• **Instructions for the task**
Only the lines from the top of the listing below through the line containing "Texas Register, Volume" should be output, exactly and with no pictures.

• **Data for this task**
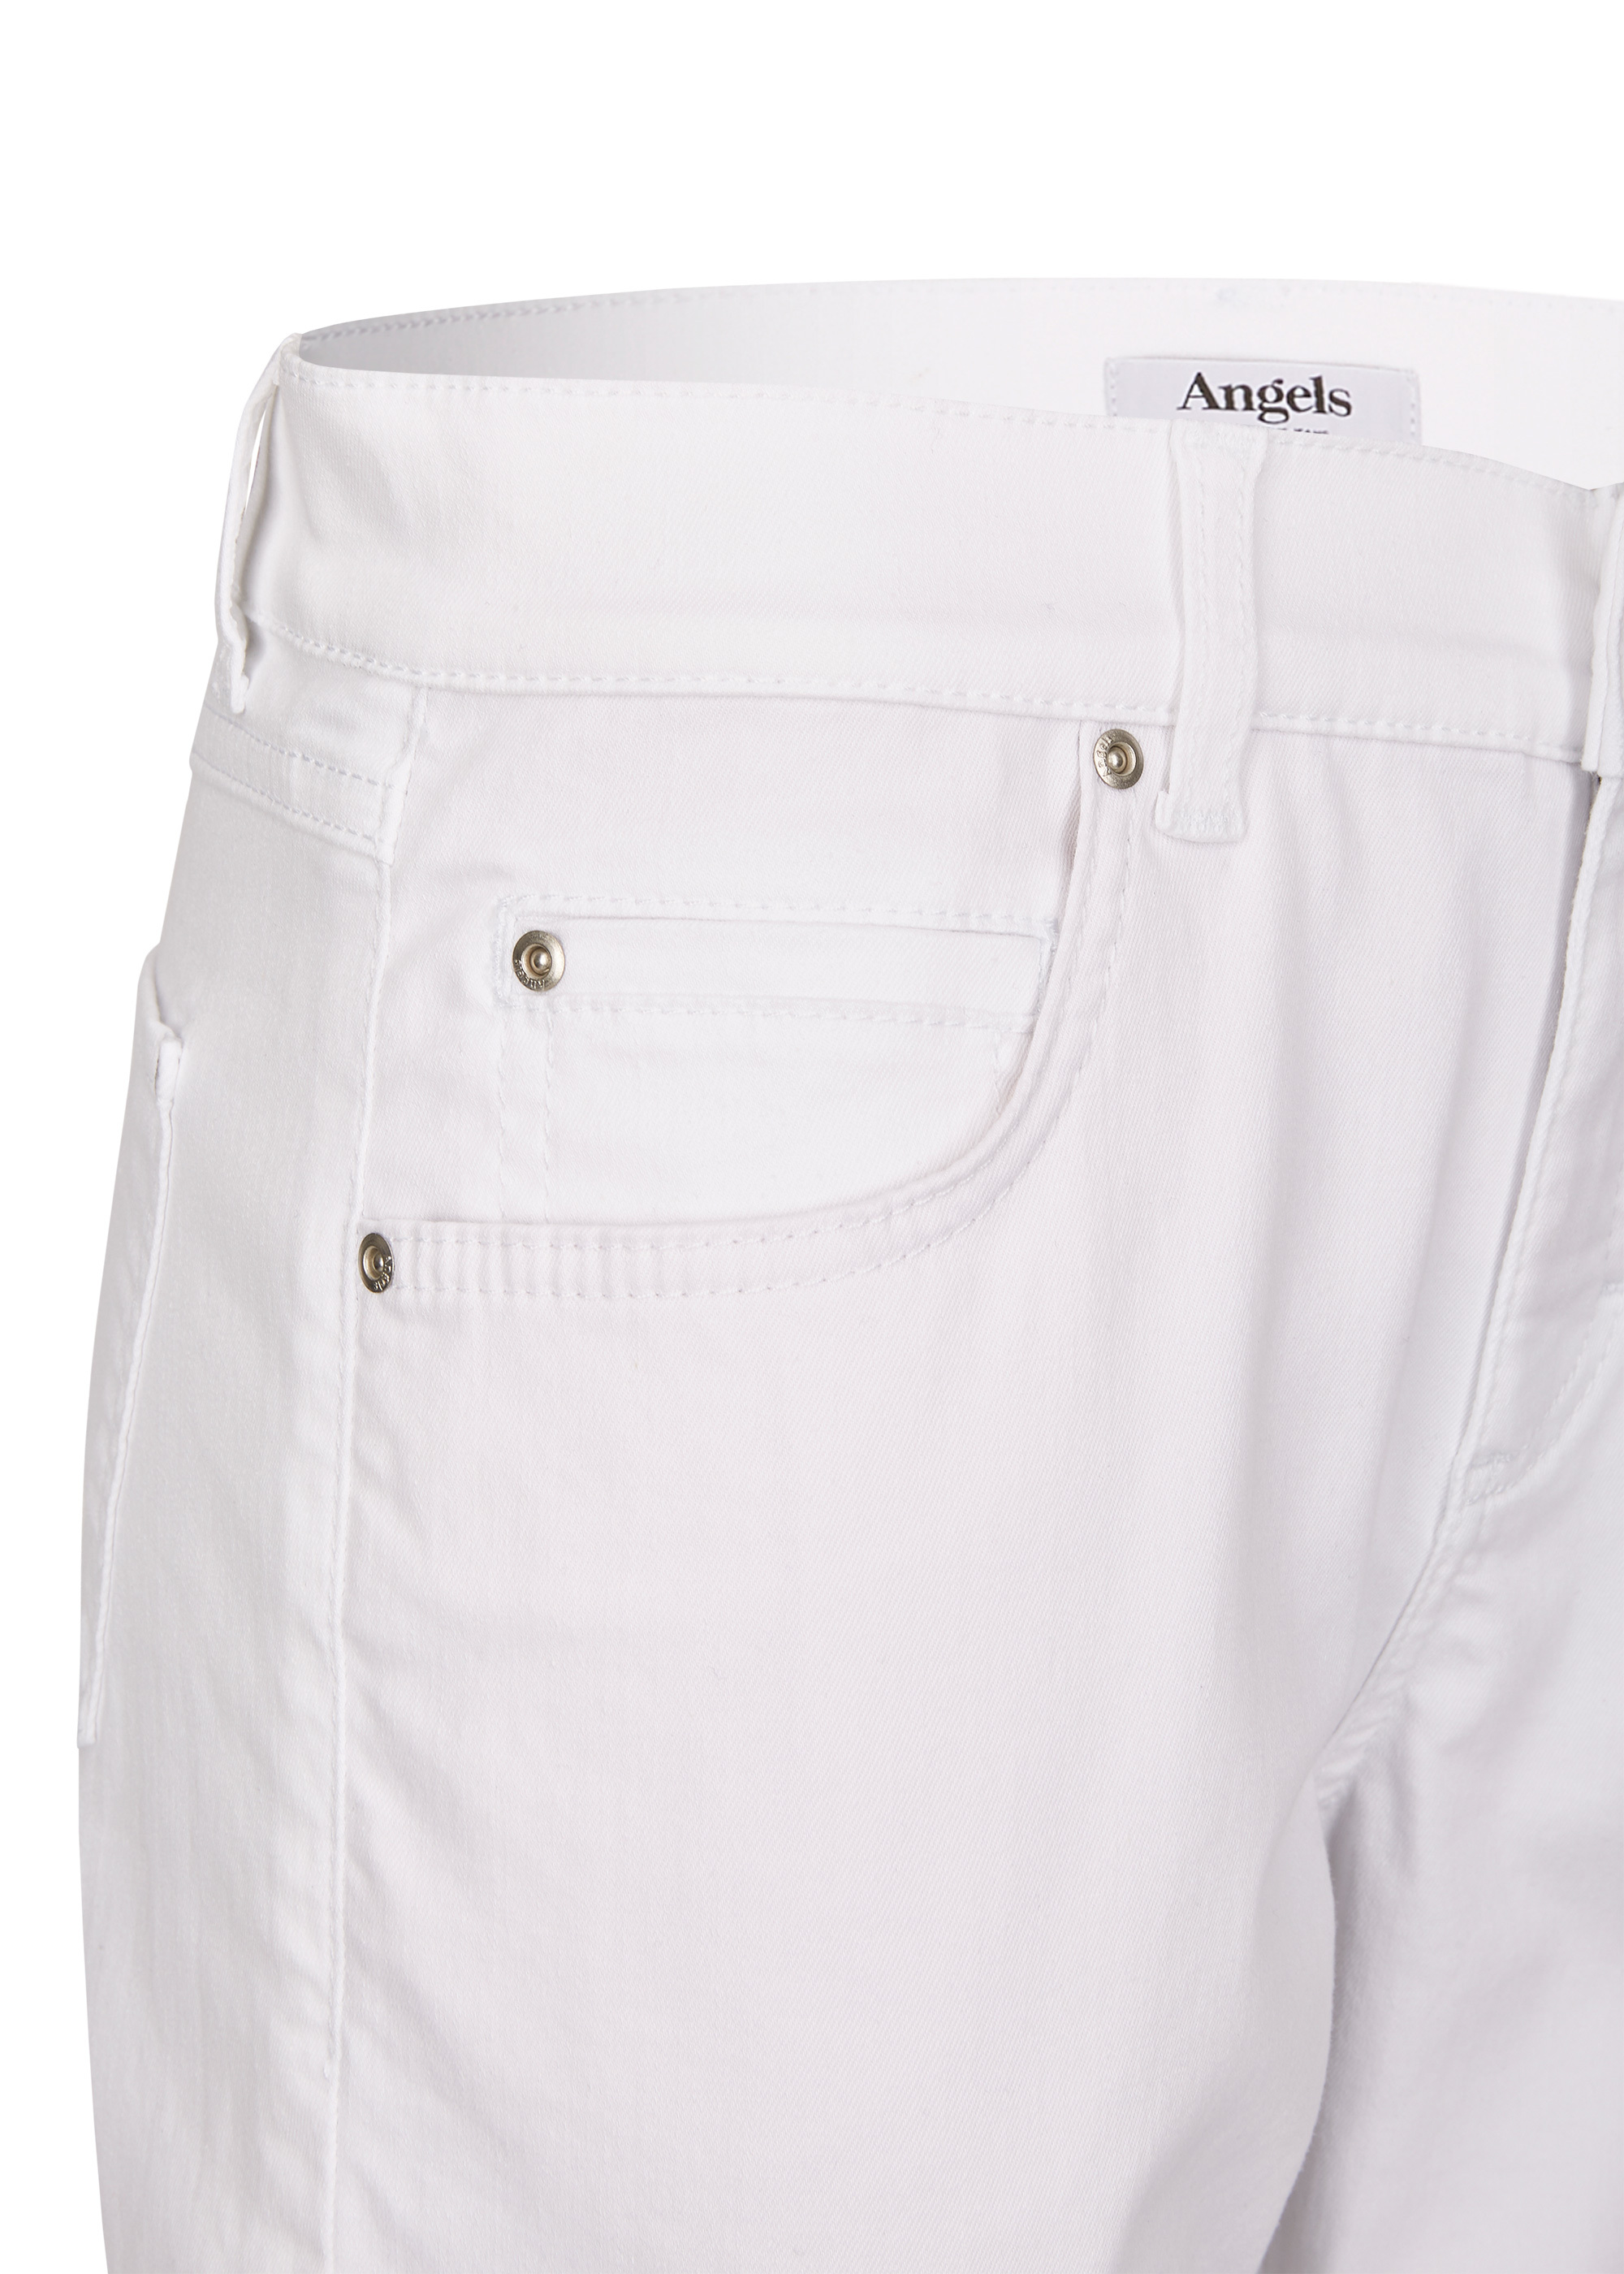 Angels Capri-Jeans ,Cici TU mit leichter Used-Waschung in Weiß 
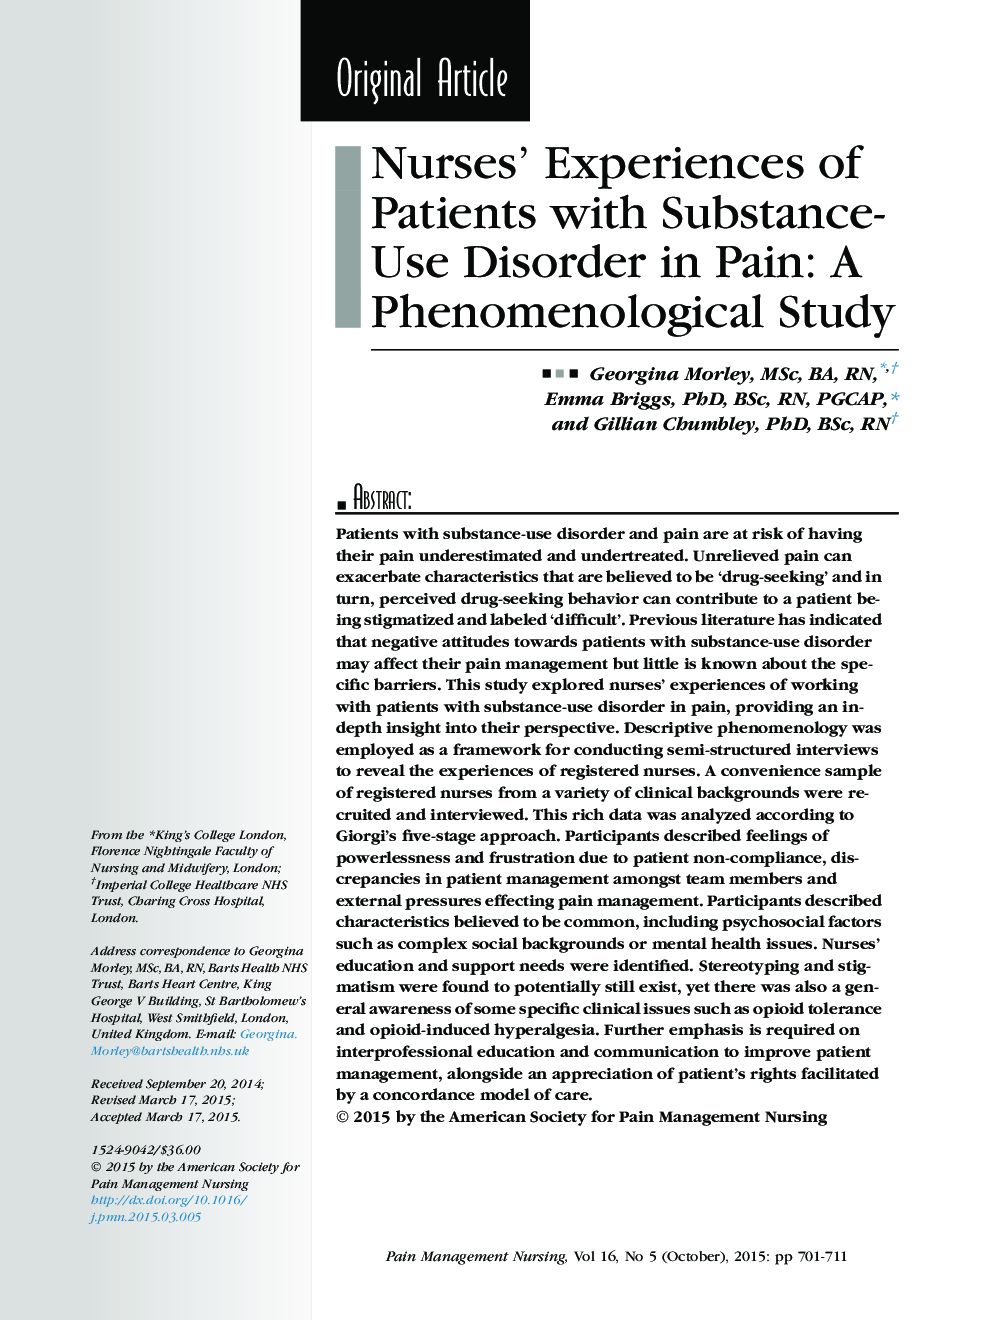 تجربیات پرستاران بیماران مبتلا به اختلال مصرف مواد در درد: مطالعه پدیده شناسی
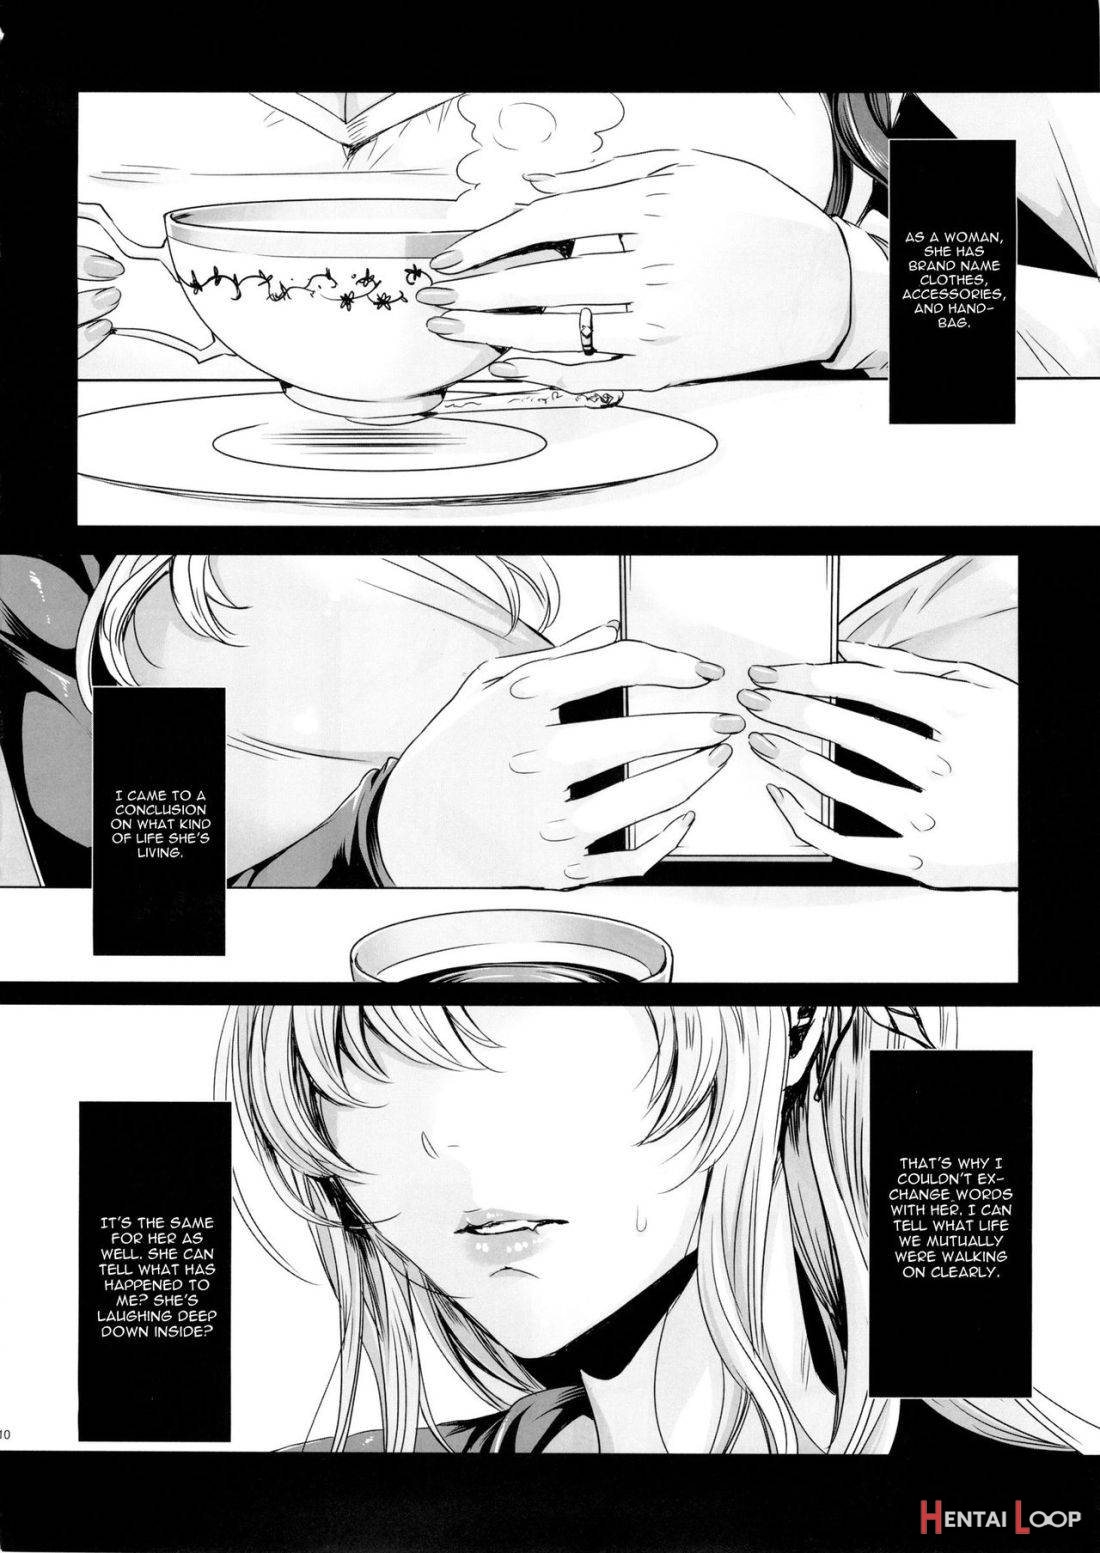 Sena 29sai Koibito Ga Inai 2 page 8
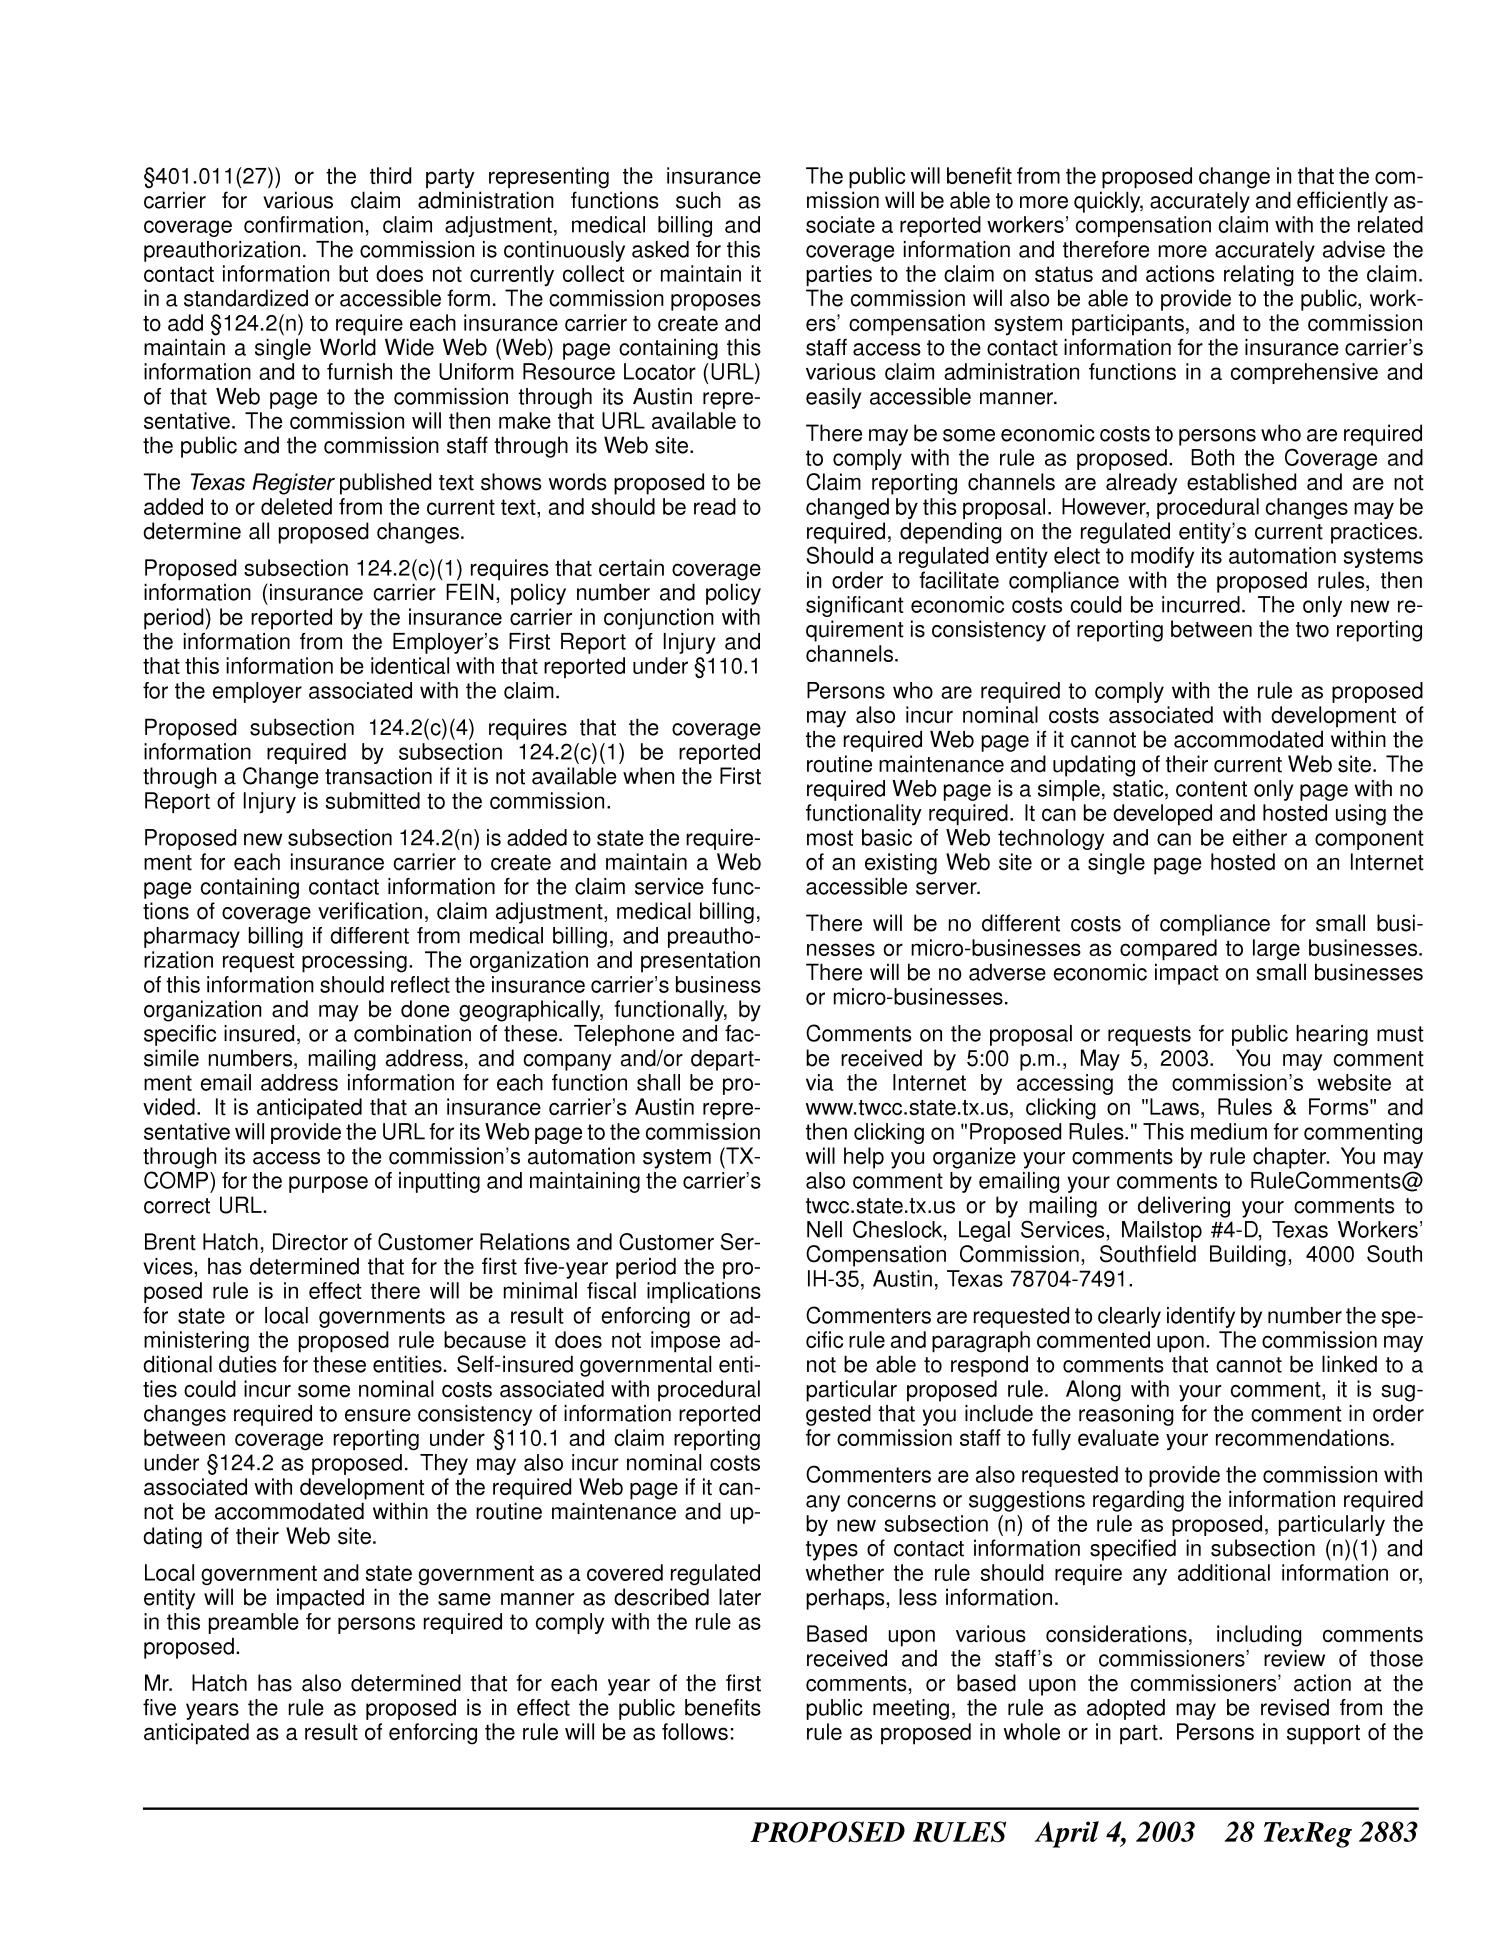 Texas Register, Volume 28, Number 14, Pages 2821-2988, April 4, 2003
                                                
                                                    2883

• **Task output**
 Angels Capri-Jeans ,Cici TU mit leichter Used-Waschung in Weiß 
 تجربیات پرستاران بیماران مبتلا به اختلال مصرف مواد در درد: مطالعه پدیده شناسی
 Sena 29sai Koibito Ga Inai 2 page 8
 Texas Register, Volume 28, Number 14, Pages 2821-2988, April 4, 2003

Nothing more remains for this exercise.